For this item, repeat the material exactly while omitting its pictures.

══ DATASET SECTION

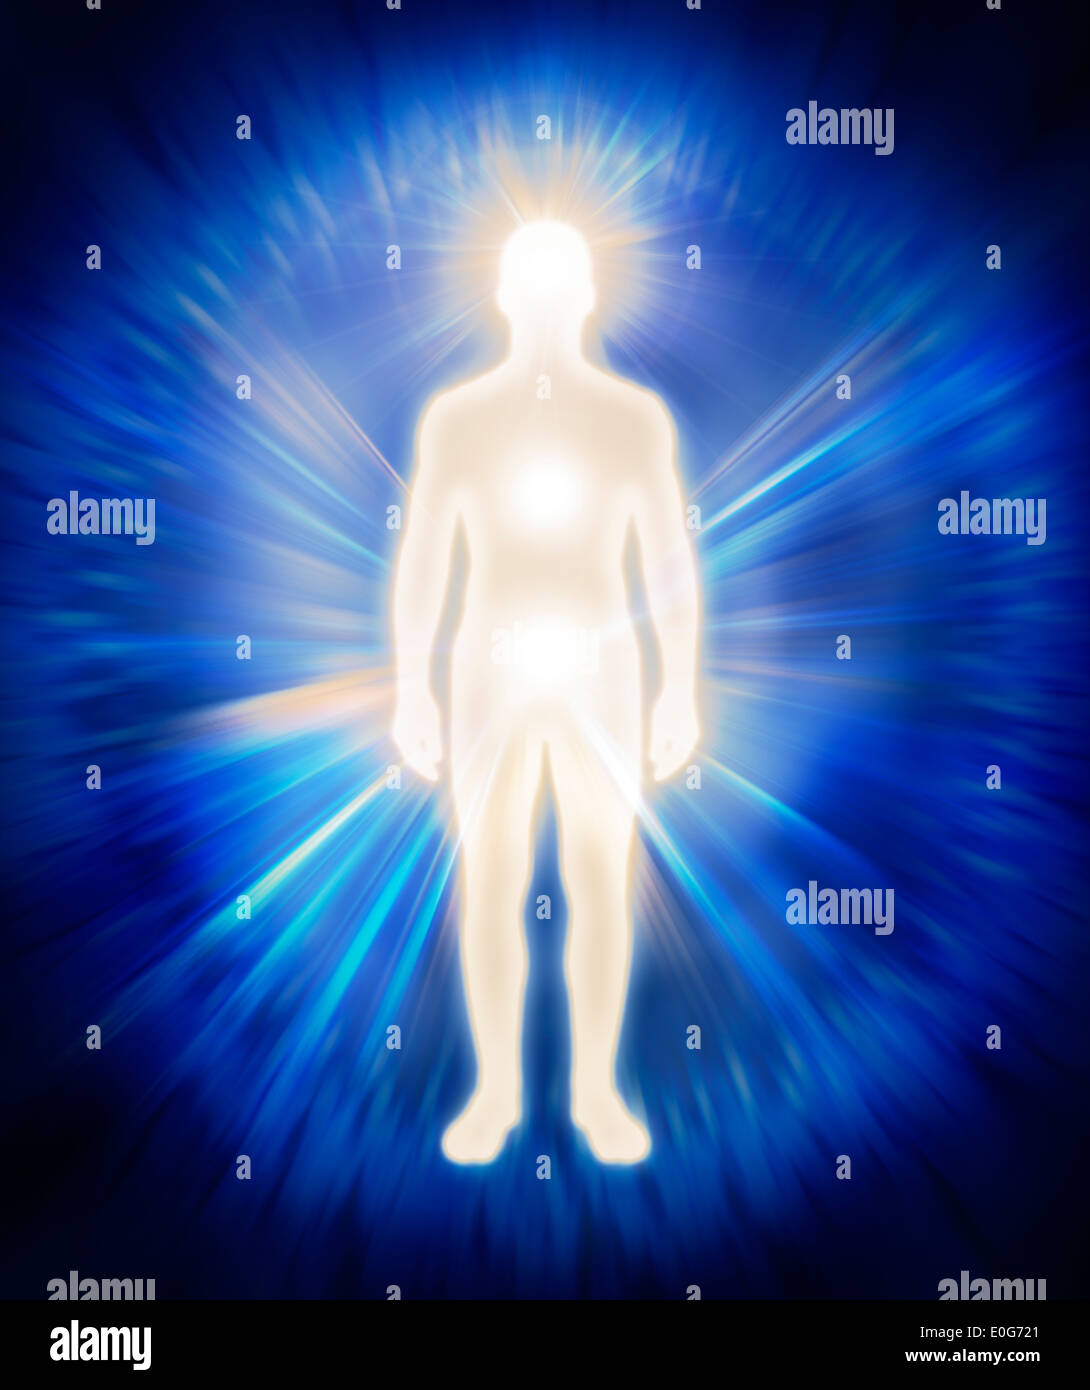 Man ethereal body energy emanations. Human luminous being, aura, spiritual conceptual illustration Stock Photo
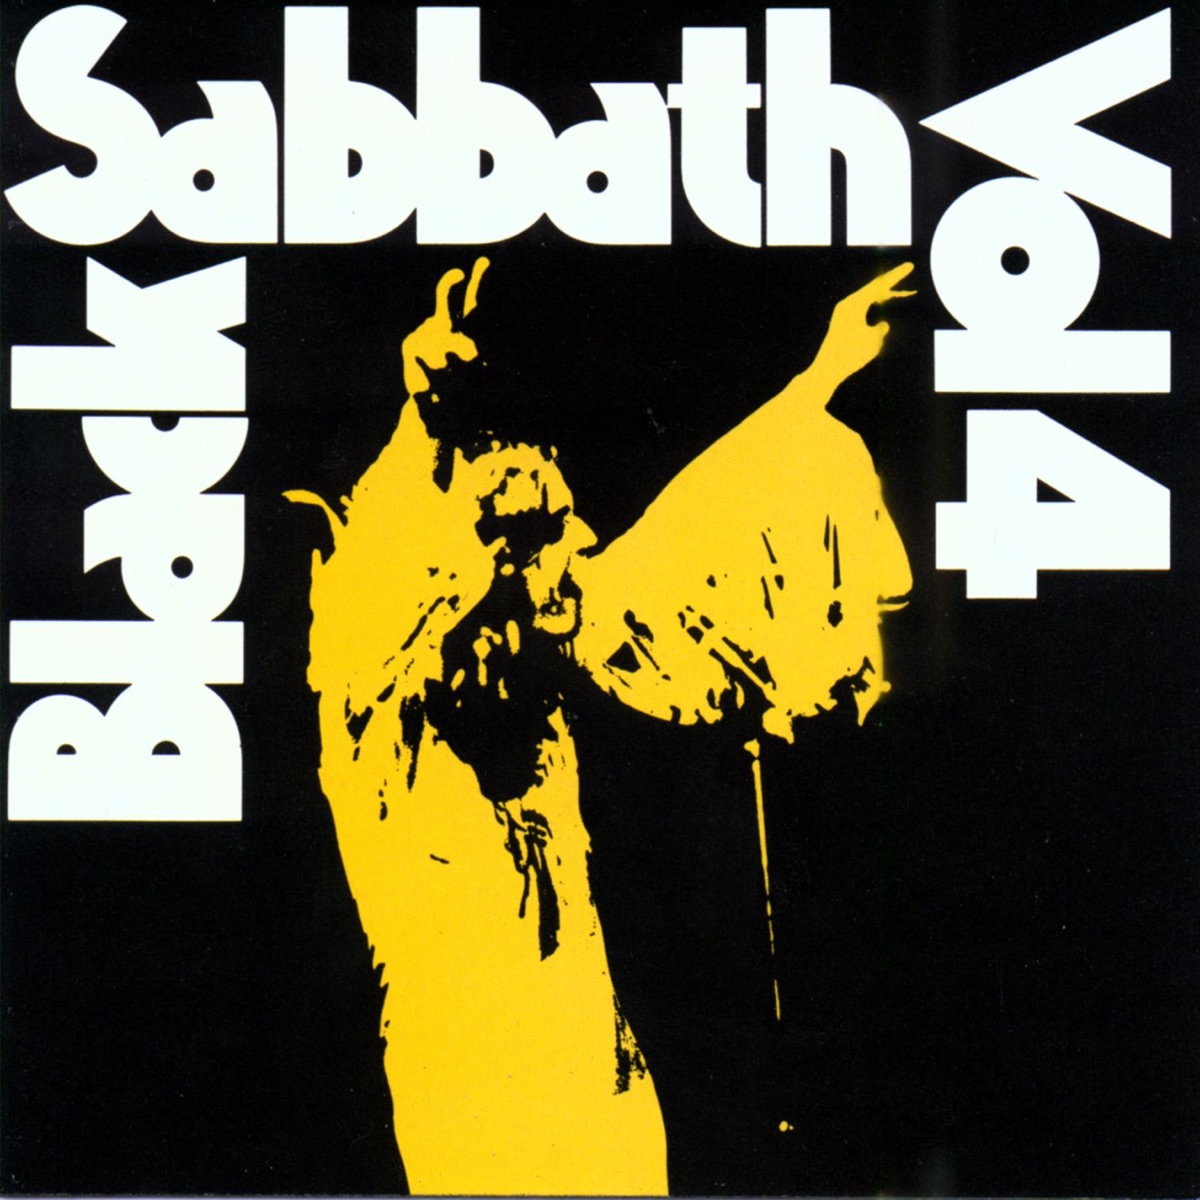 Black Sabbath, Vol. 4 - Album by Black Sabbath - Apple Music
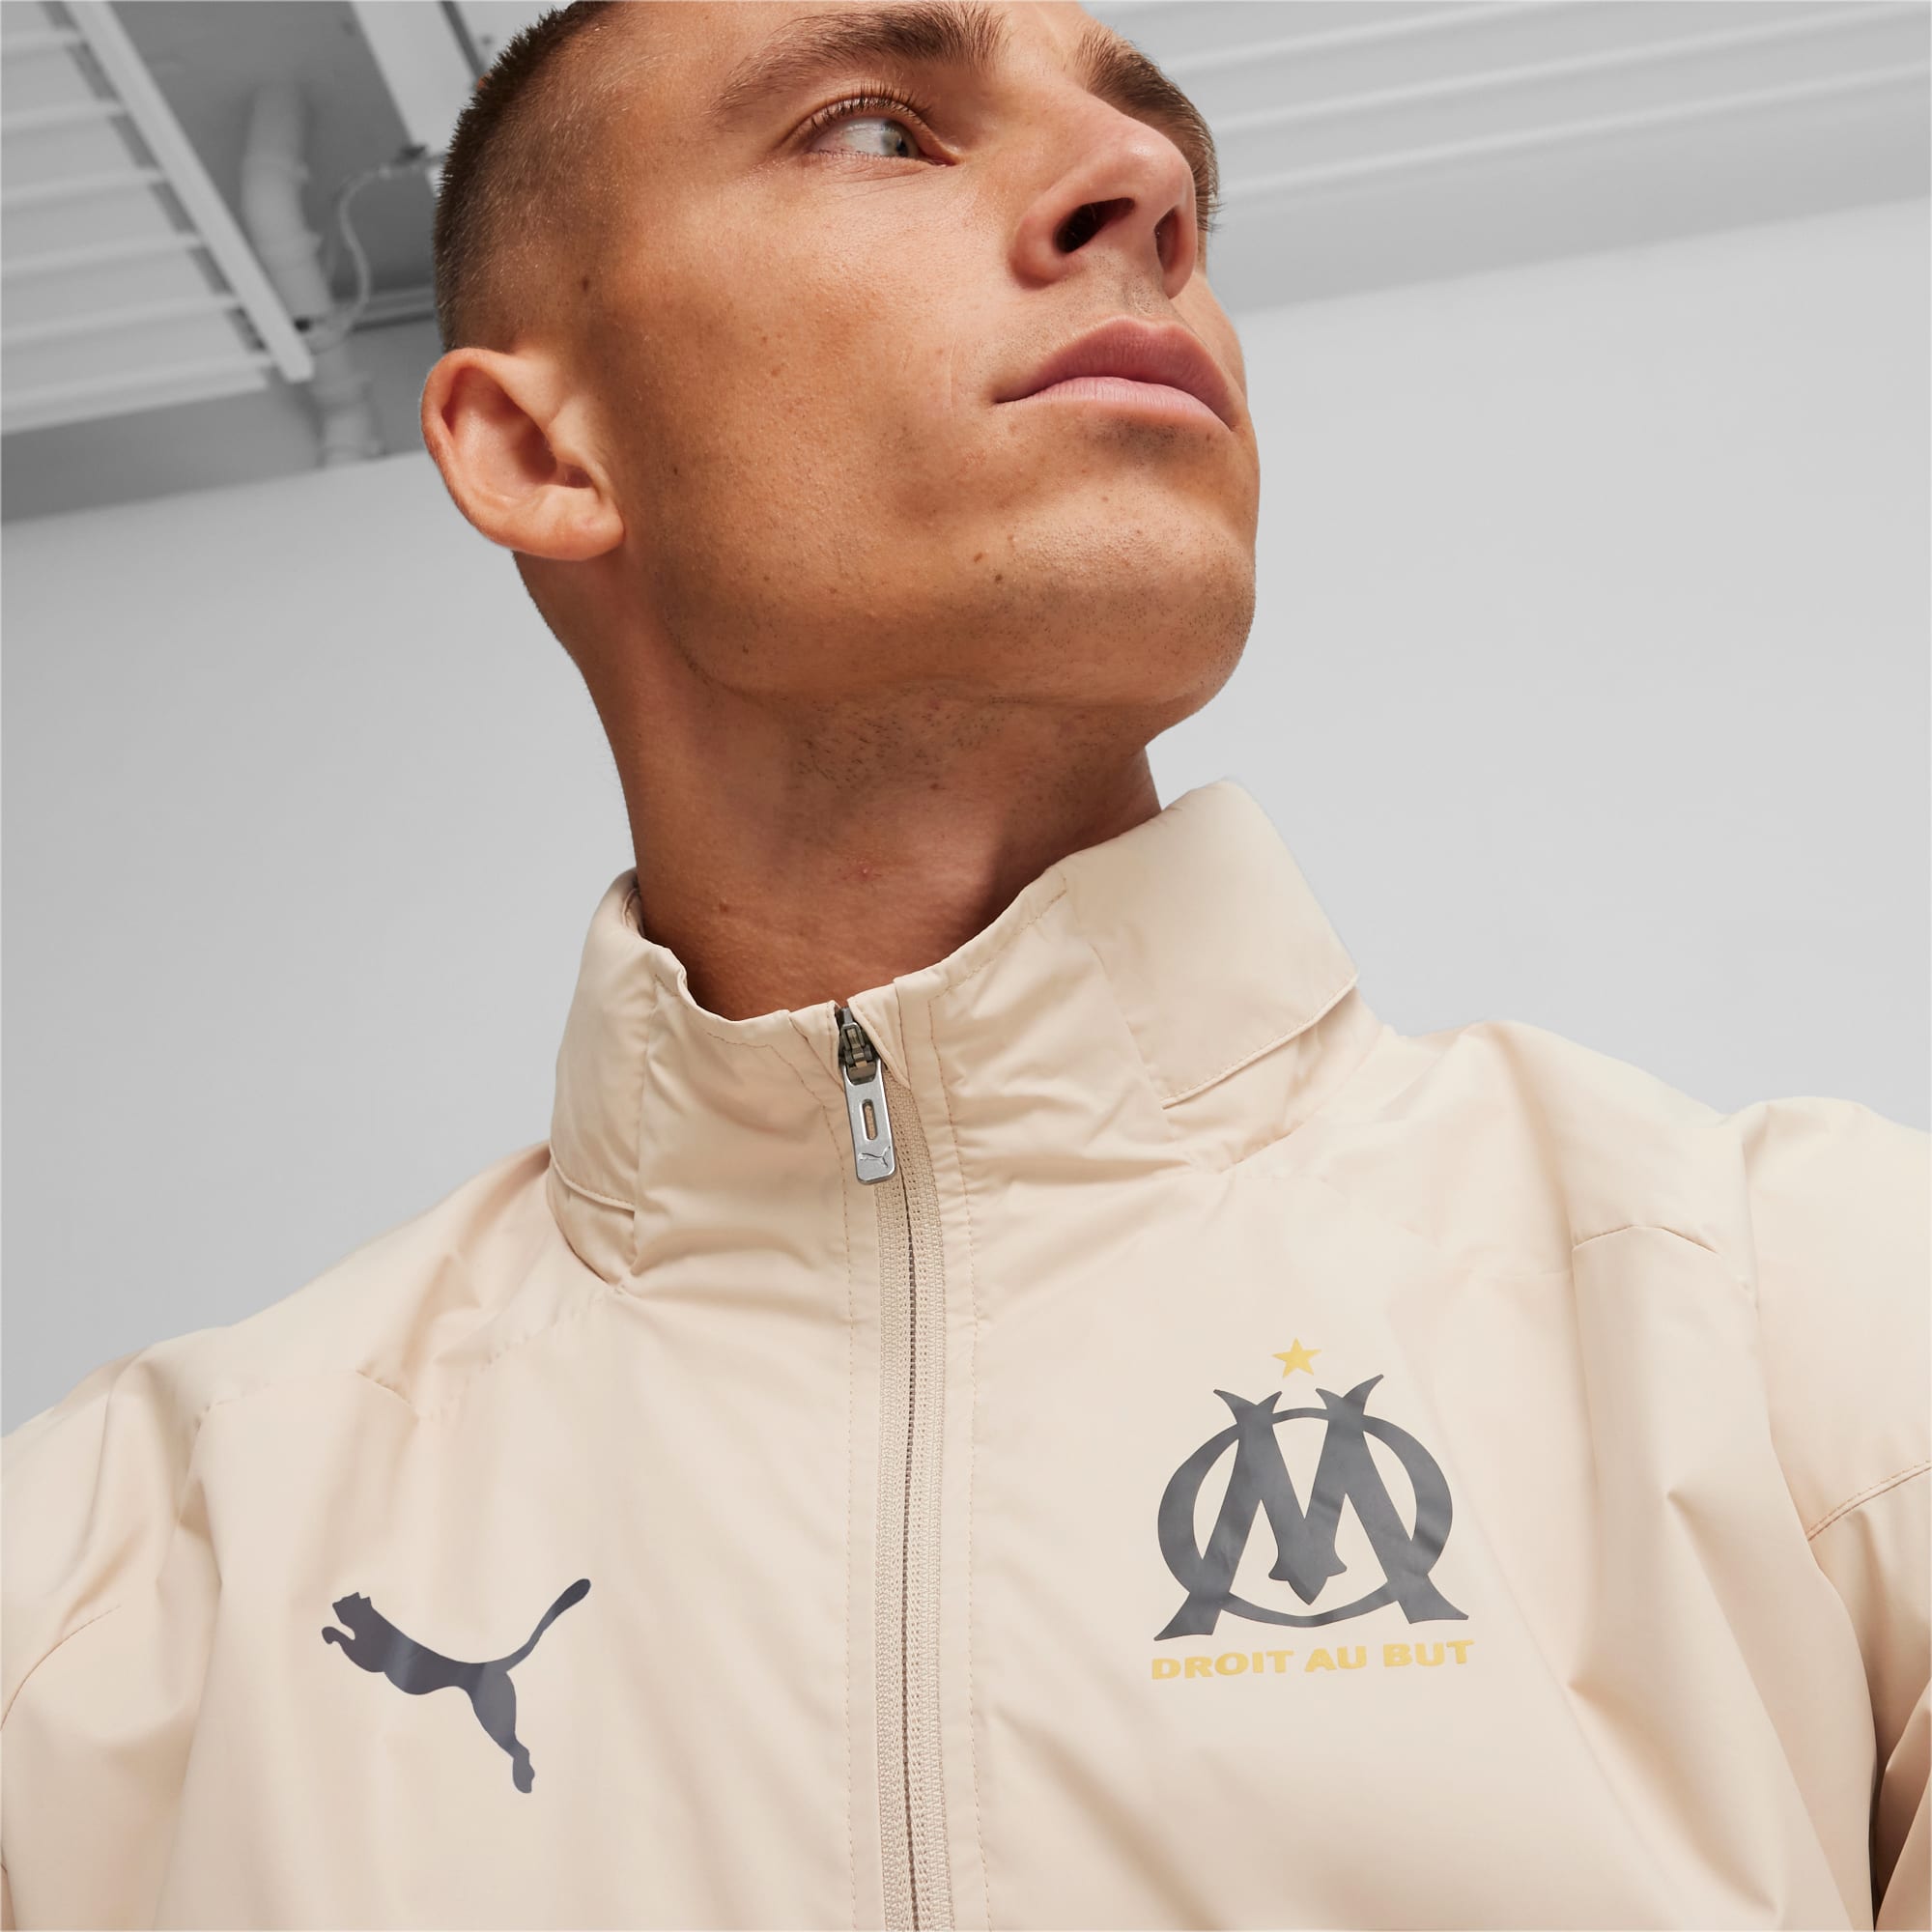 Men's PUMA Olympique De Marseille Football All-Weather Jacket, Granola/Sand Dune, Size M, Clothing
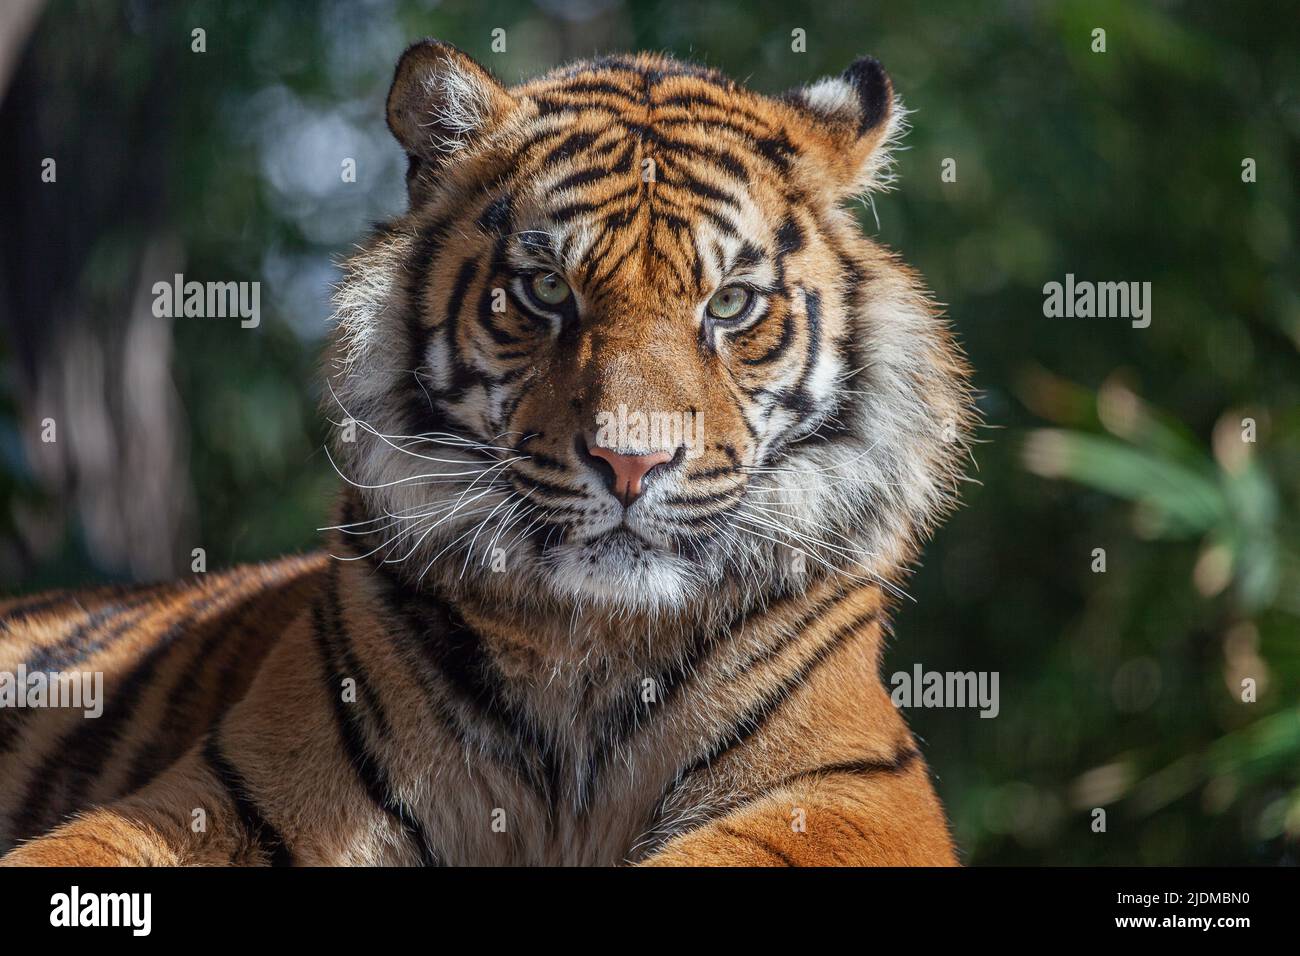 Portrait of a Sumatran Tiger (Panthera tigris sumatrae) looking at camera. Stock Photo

════

> WRITTEN ANSWER:
 Man ethereal body energy emanations. Human luminous being, aura, spiritual conceptual illustration Stock Photo
 Black Sabbath, Vol. 4 - Album by Black Sabbath - Apple Music
 Men's PUMA Olympique De Marseille Football All-Weather Jacket, Granola/Sand Dune, Size M, Clothing
 Portrait of a Sumatran Tiger (Panthera tigris sumatrae) looking at camera. Stock Photo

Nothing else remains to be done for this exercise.